Meo Sultan Ayoub, Al-Khlaiwi Thamir, AbuKhalaf Abdulelah Adnan, Meo Anusha Sultan, Klonoff David C
Department of Physiology, College of Medicine, King Saud University, Riyadh, Saudi Arabia.
College of Medicine, King Saud University, Riyadh, Saudi Arabia.
J Diabetes Sci Technol. 2025 May;19(3):705-710. doi: 10.1177/19322968231203987. Epub 2023 Oct 5.
The present study aimed to investigate the knowledge level of Bard and ChatGPT in the areas of endocrinology, diabetes, and diabetes technology through a multiple-choice question (MCQ) examination format.
Initially, a 100-MCQ bank was established based on MCQs in endocrinology, diabetes, and diabetes technology. The MCQs were created from physiology, medical textbooks, and academic examination pools in the areas of endocrinology, diabetes, and diabetes technology and academic examination pools. The study team members analyzed the MCQ contents to ensure that they were related to the endocrinology, diabetes, and diabetes technology. The number of MCQs from endocrinology was 50, and that from diabetes and science technology was also 50. The knowledge level of Google's Bard and ChatGPT was assessed with an MCQ-based examination.
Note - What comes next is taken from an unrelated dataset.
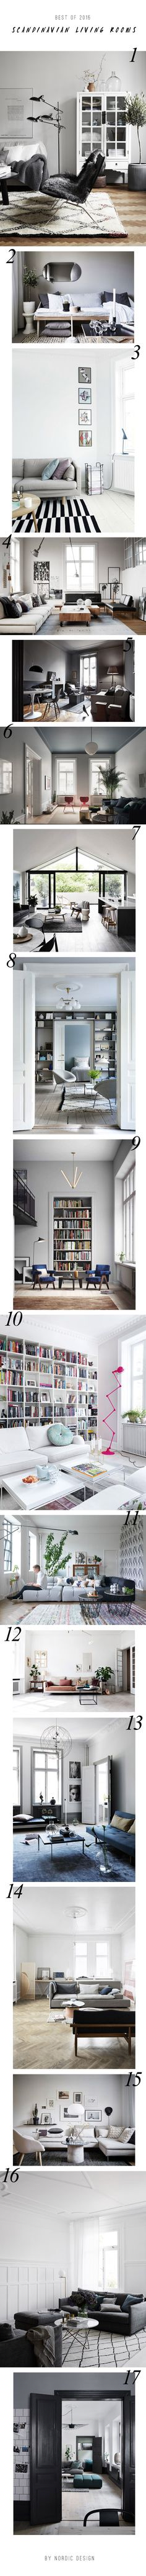 17 of the most inspiring Scandinavian living rooms
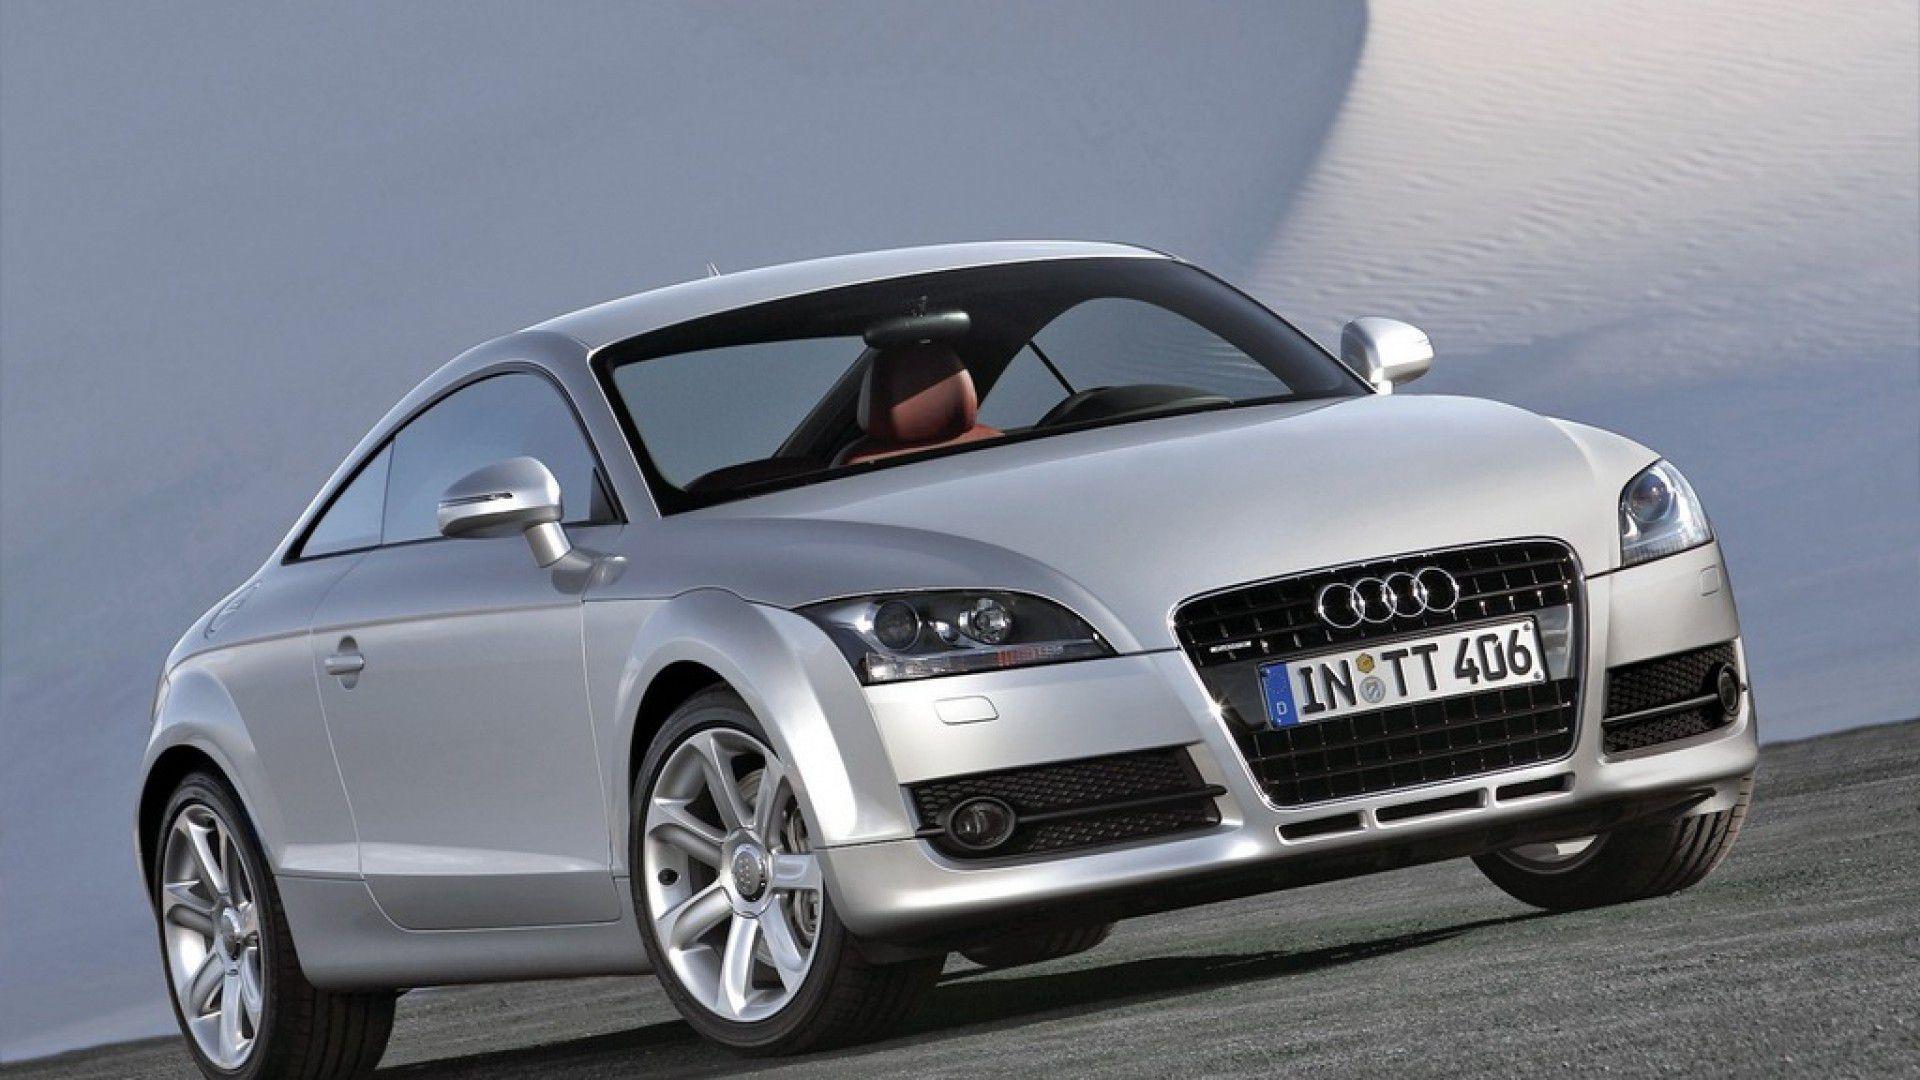 Audi TT (2006 to Present)

In the endocrinology examination section, ChatGPT obtained 29 marks (correct responses) of 50 (58%), and Bard obtained a similar score of 29 of 50 (58%). However, in the diabetes technology examination section, ChatGPT obtained 23 marks of 50 (46%), and Bard obtained 20 marks of 50 (40%). Overall, in the entire three-part examination, ChatGPT obtained 52 marks of 100 (52%), and Bard obtained 49 marks of 100 (49%). ChatGPT obtained slightly more marks than Bard. However, both ChatGPT and Bard did not achieve satisfactory scores in endocrinology or diabetes/technology of at least 60%.
The overall MCQ-based performance of ChatGPT was slightly better than that of Google's Bard. However, both ChatGPT and Bard did not achieve appropriate scores in endocrinology and diabetes/diabetes technology. The study indicates that Bard and ChatGPT have the potential to facilitate medical students and faculty in academic medical education settings, but both artificial intelligence tools need more updated information in the fields of endocrinology, diabetes, and diabetes technology.
本研究旨在通过多项选择题(MCQ)考试形式,调查Bard和ChatGPT在内分泌学、糖尿病及糖尿病技术领域的知识水平。
最初,基于内分泌学、糖尿病及糖尿病技术方面的多项选择题建立了一个包含100道题的题库。这些多项选择题取自内分泌学、糖尿病及糖尿病技术领域的生理学、医学教科书和学术考试题库。研究团队成员分析了多项选择题的内容,以确保它们与内分泌学、糖尿病及糖尿病技术相关。内分泌学方面的多项选择题有50道,糖尿病及科学技术方面的也有50道。通过基于多项选择题的考试评估了谷歌的Bard和ChatGPT的知识水平。
在内分泌学考试部分,ChatGPT在50道题中获得了29分(正确答案)(58%),Bard获得了类似的分数,50道题中答对29道(58%)。然而,在糖尿病技术考试部分,ChatGPT在50道题中获得了23分(46%),Bard在50道题中获得了20分(40%)。总体而言,在整个三部分考试中,ChatGPT在100道题中获得了52分(52%),Bard在100道题中获得了49分(49%)。ChatGPT获得的分数比Bard略多。然而,ChatGPT和Bard在内分泌学或糖尿病/技术方面都没有达到至少60%的满意分数。
基于多项选择题的ChatGPT总体表现略优于谷歌的Bard。然而,ChatGPT和Bard在内分泌学以及糖尿病/糖尿病技术方面都没有取得合适的分数。该研究表明,Bard和ChatGPT有潜力在学术医学教育环境中帮助医学生和教师,但这两个人工智能工具在内分泌学、糖尿病及糖尿病技术领域都需要更多更新的信息。